Information provided |
+++++

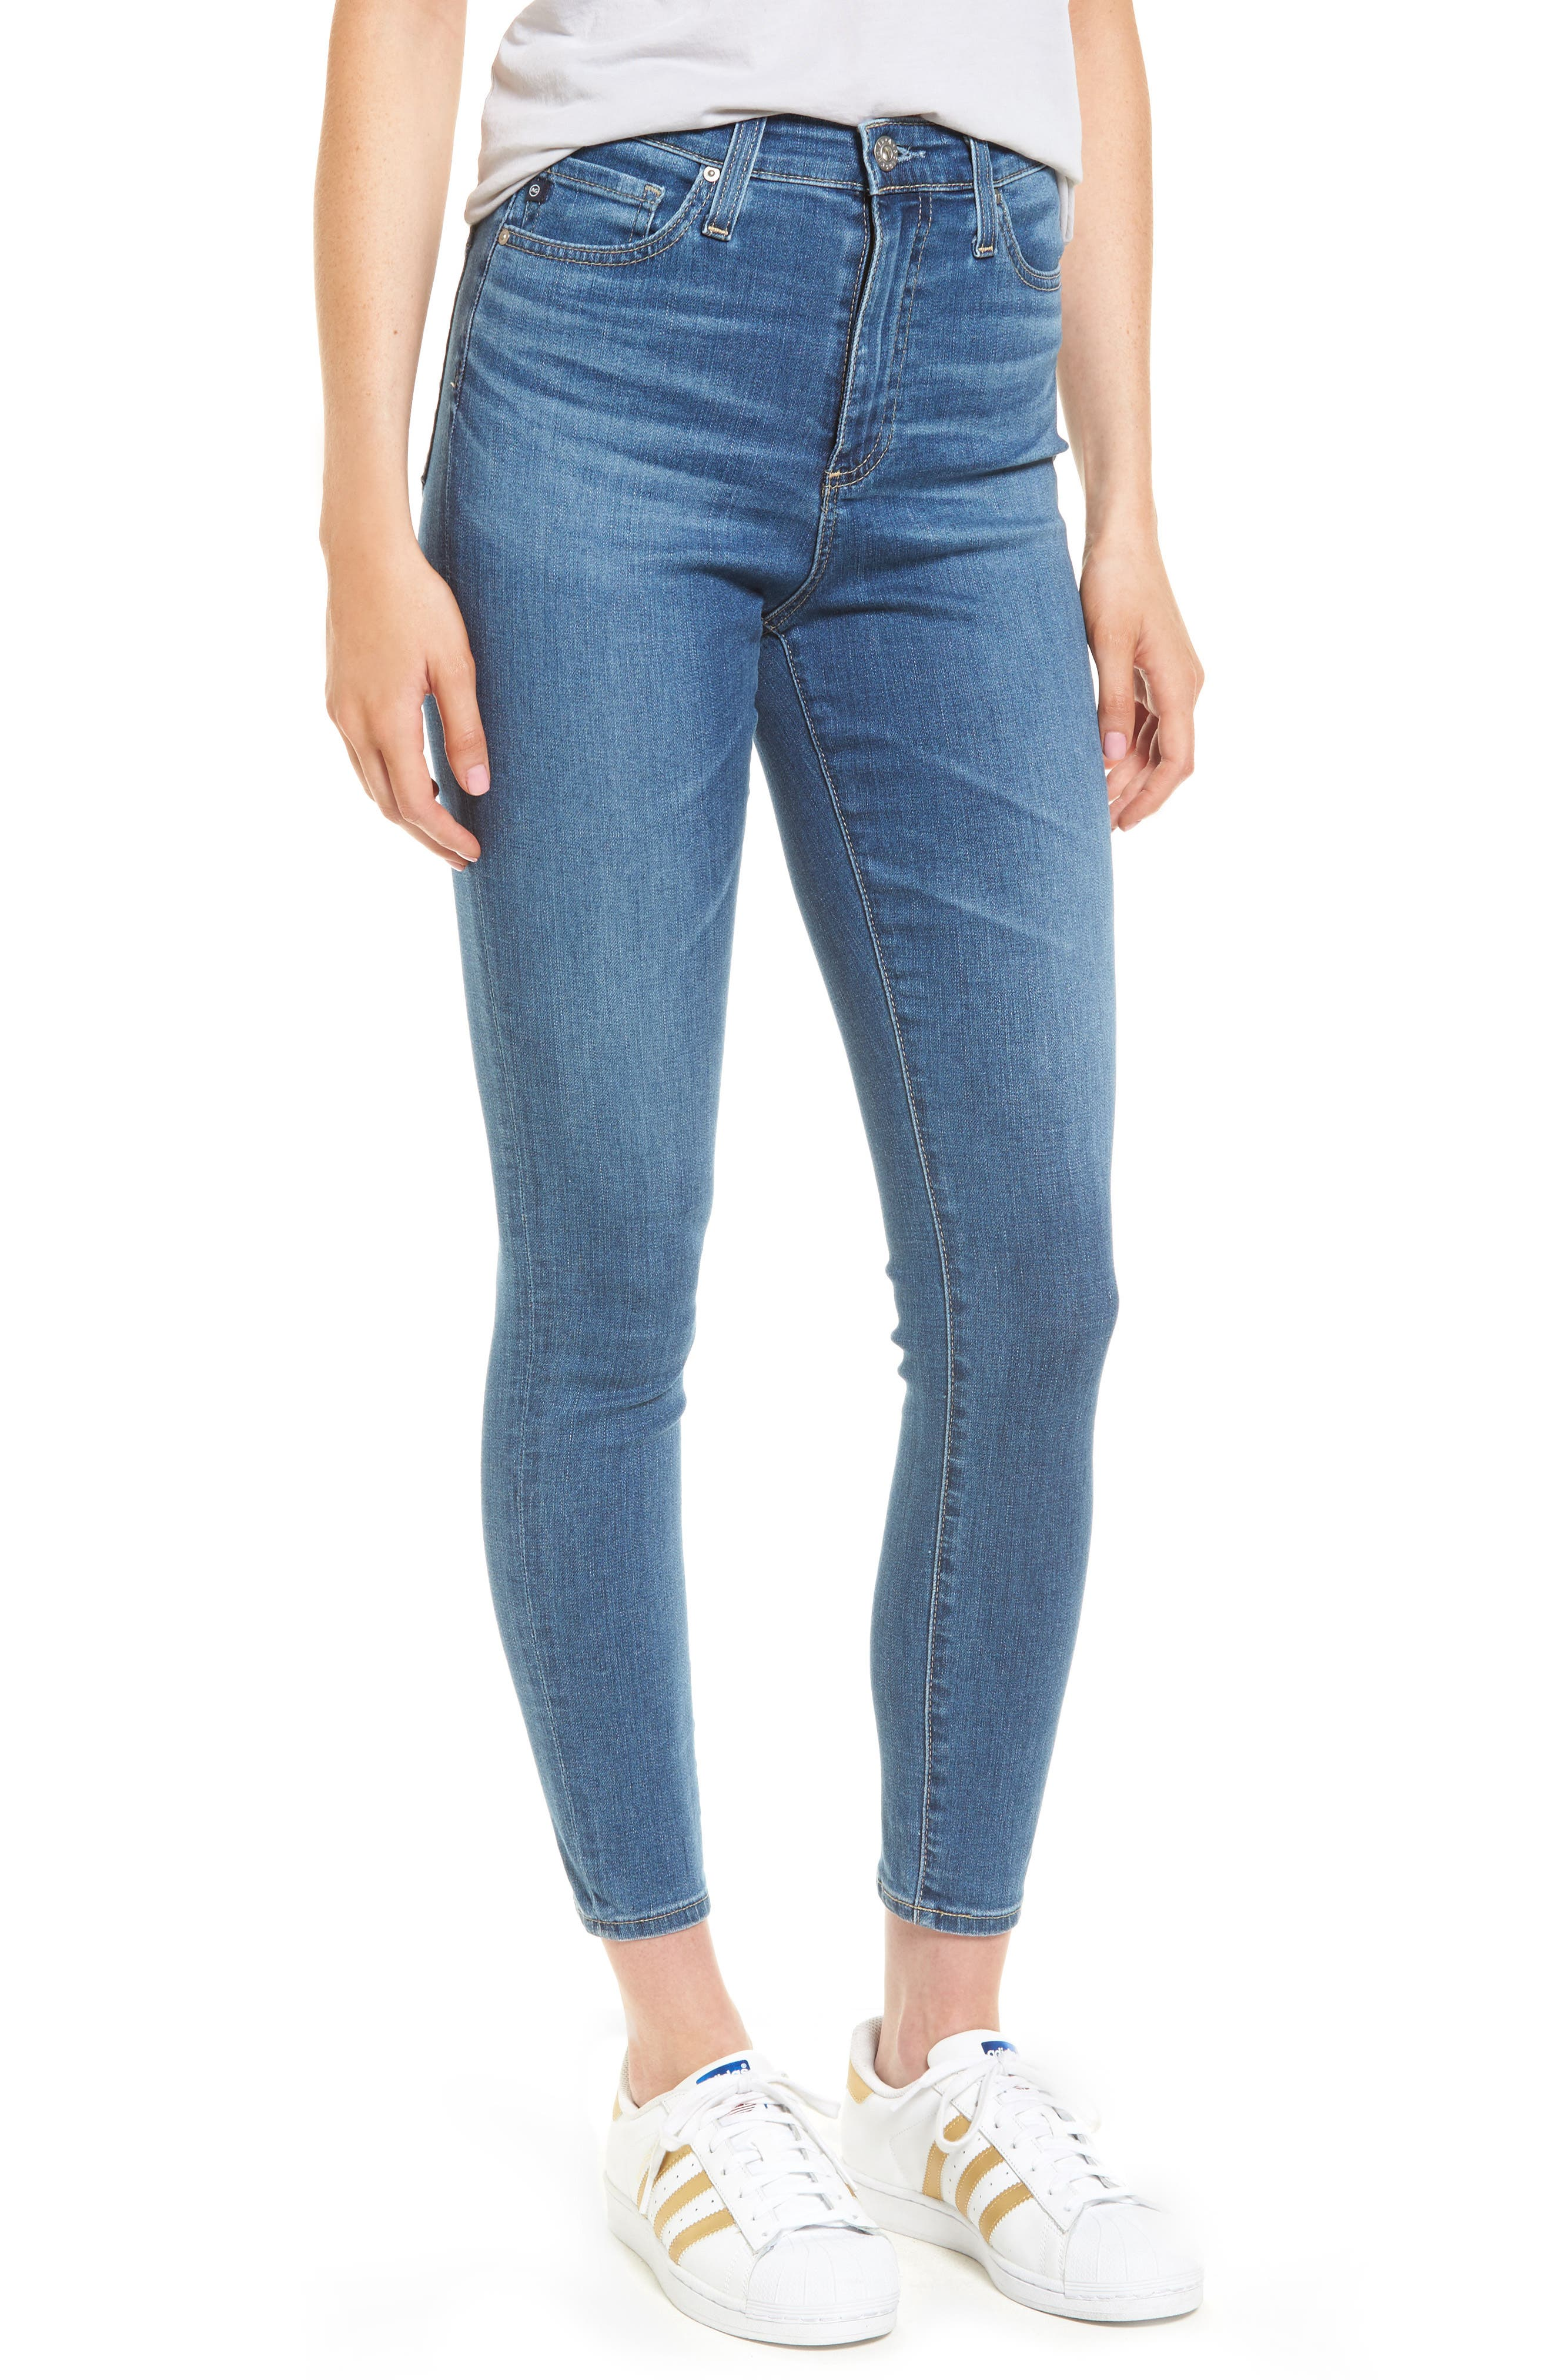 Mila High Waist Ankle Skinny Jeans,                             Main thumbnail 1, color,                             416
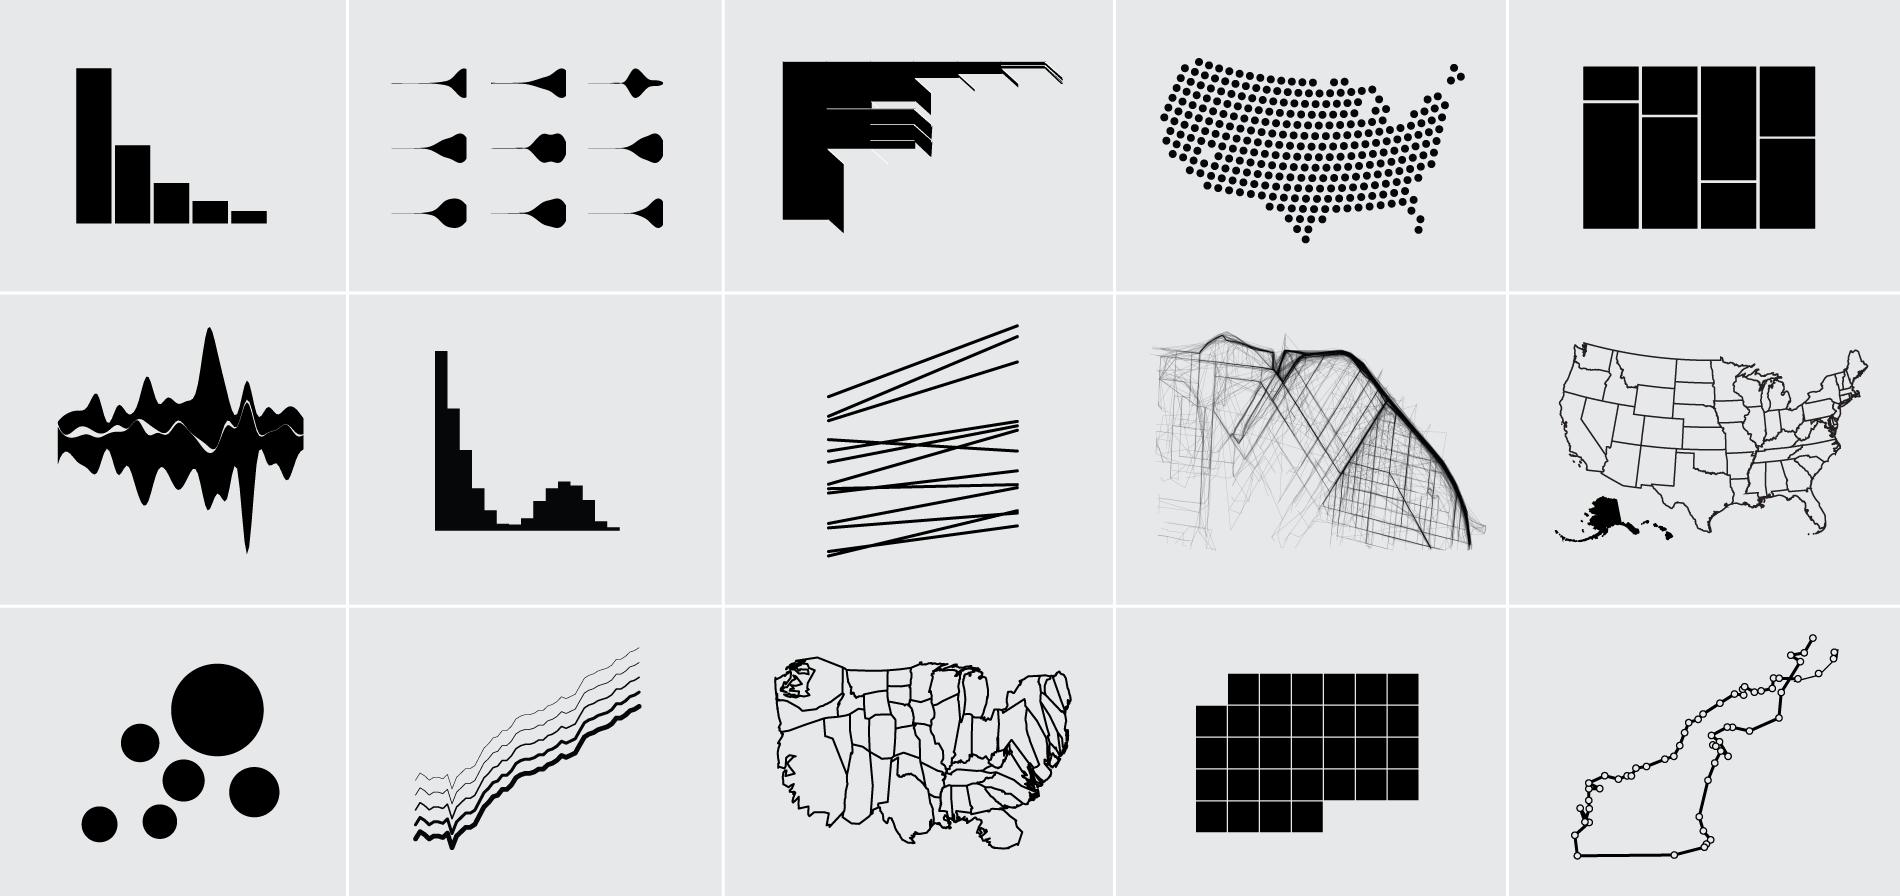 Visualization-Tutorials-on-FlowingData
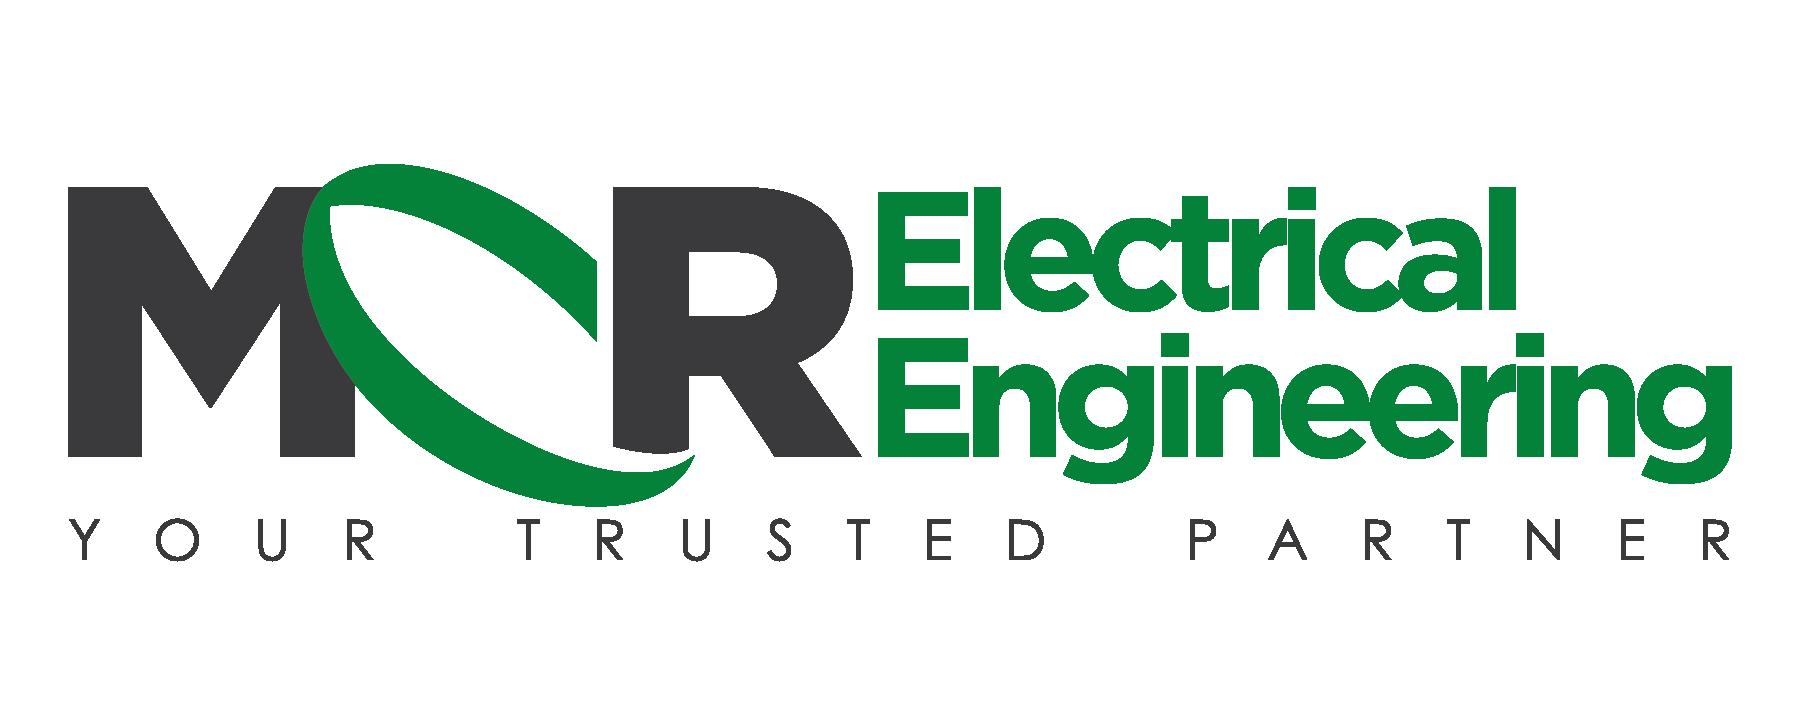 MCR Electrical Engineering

+++++

The answer must repeat every line of the listing exactly and leave the pictures out.

 Mila High Waist Ankle Skinny Jeans,                             Main thumbnail 1, color,                             416
 Visualization-Tutorials-on-FlowingData
 MCR Electrical Engineering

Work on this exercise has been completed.